Деление на ноль или человек в логике причинности
О драматических парадоксах романа Джорджа Оруэлла «1984»
…Он обмакнул перо и замешкался.
У него схватило живот.
Коснуться пером бумаги – бесповоротный шаг.
Мелкими корявыми буквами он вывел: 4 апреля 1984 года.
Если верить Джорджу Оруэллу, строки, вынесенные в эпиграф, были написаны четверть столетия назад. Роман же, к которому они относятся, вышел в печать шестьдесят лет назад.
«1984» стал главной антиутопией ХХ века. Может быть, потому, что Оруэлл, как это ни парадоксально, был писателем меньшего масштаба, чем Замятин, Хаксли и Брэдбери. В стиле «1984» больше от газетного очерка, чем от прозы, и именно «газетность», плакатность, даже карикатурность романа позволили Оруэллу не просто задать вопрос,
а прокричать: можно ли остаться человеком там, где человеком остаться нельзя?
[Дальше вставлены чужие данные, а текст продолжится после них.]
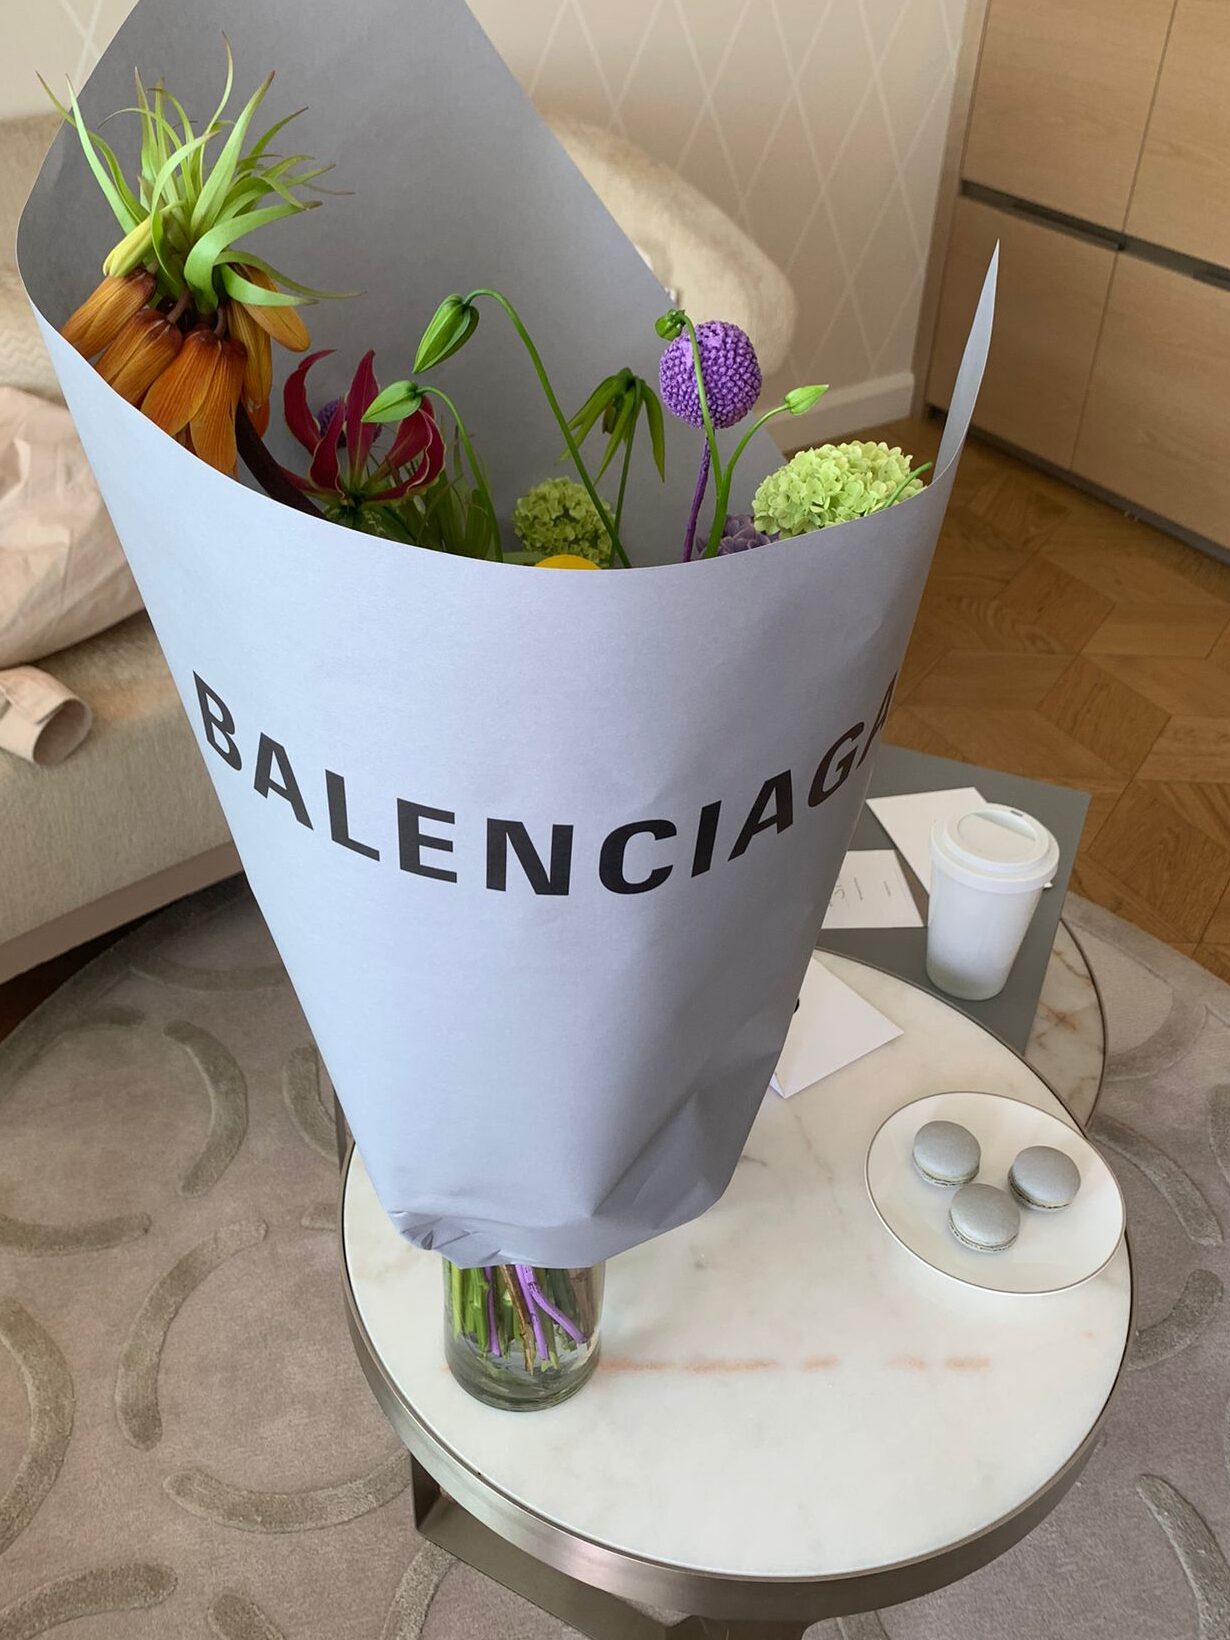 Flowers wrapped in Balenciaga paper

Сегодня Оруэлла можно читать, как читают предсказания пророка после того, как они не сбылись: поражаясь тому, как написанное все-таки было похоже на правду, и все-таки зная, что мир устоял, в нем нет пятиминуток ненависти и джина «Победа», и эта работа сохранения мира произошла без твоего участия. В сущности, мы схожим образом ведем себя, избежав серьезной опасности: она кажется нам неким одиночным выпадом, нарушением законов, обычно охраняющих нас, после которого земля под ногами вновь становится твердой.
Но нам не придет в голову, что источник опасности повсеместен и настолько укоренен в действительности, что сам уже стал действительностью, а то, что мы сумели опасности избежать, – лишь эпизод, частный случай, из которого не вывести всеобщего правила.
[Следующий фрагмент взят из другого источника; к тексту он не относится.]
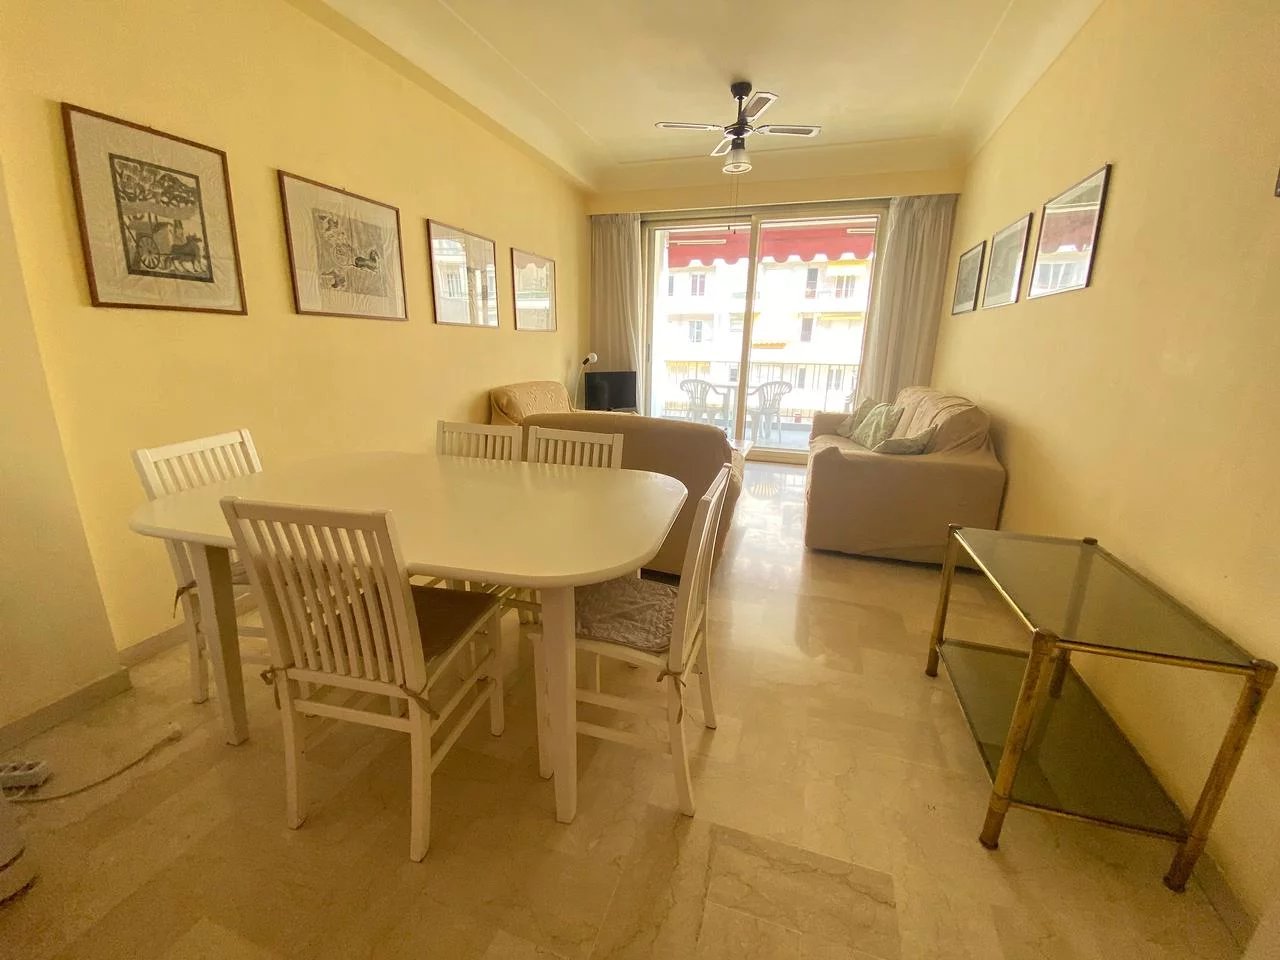 Appartement  3 Rooms 62.4m2  for sale   290 000 €

Если взять роман Оруэлла не в социальном, а в философском измерении, он сводится к одному вопросу: существуют ли объективные истины? Схожий вопрос вычитывается у Кафки, чью прозу можно представить как жертвоприношение; главный герой «Процесса» и «Замка» – не человек, а великая иррациональность мира, в которую человек брошен без надежды спастись; заколотый двумя то ли сыщиками, то ли актерами, К имеет силы сказать только «как собаку!» – и это единственный итог его пониманий.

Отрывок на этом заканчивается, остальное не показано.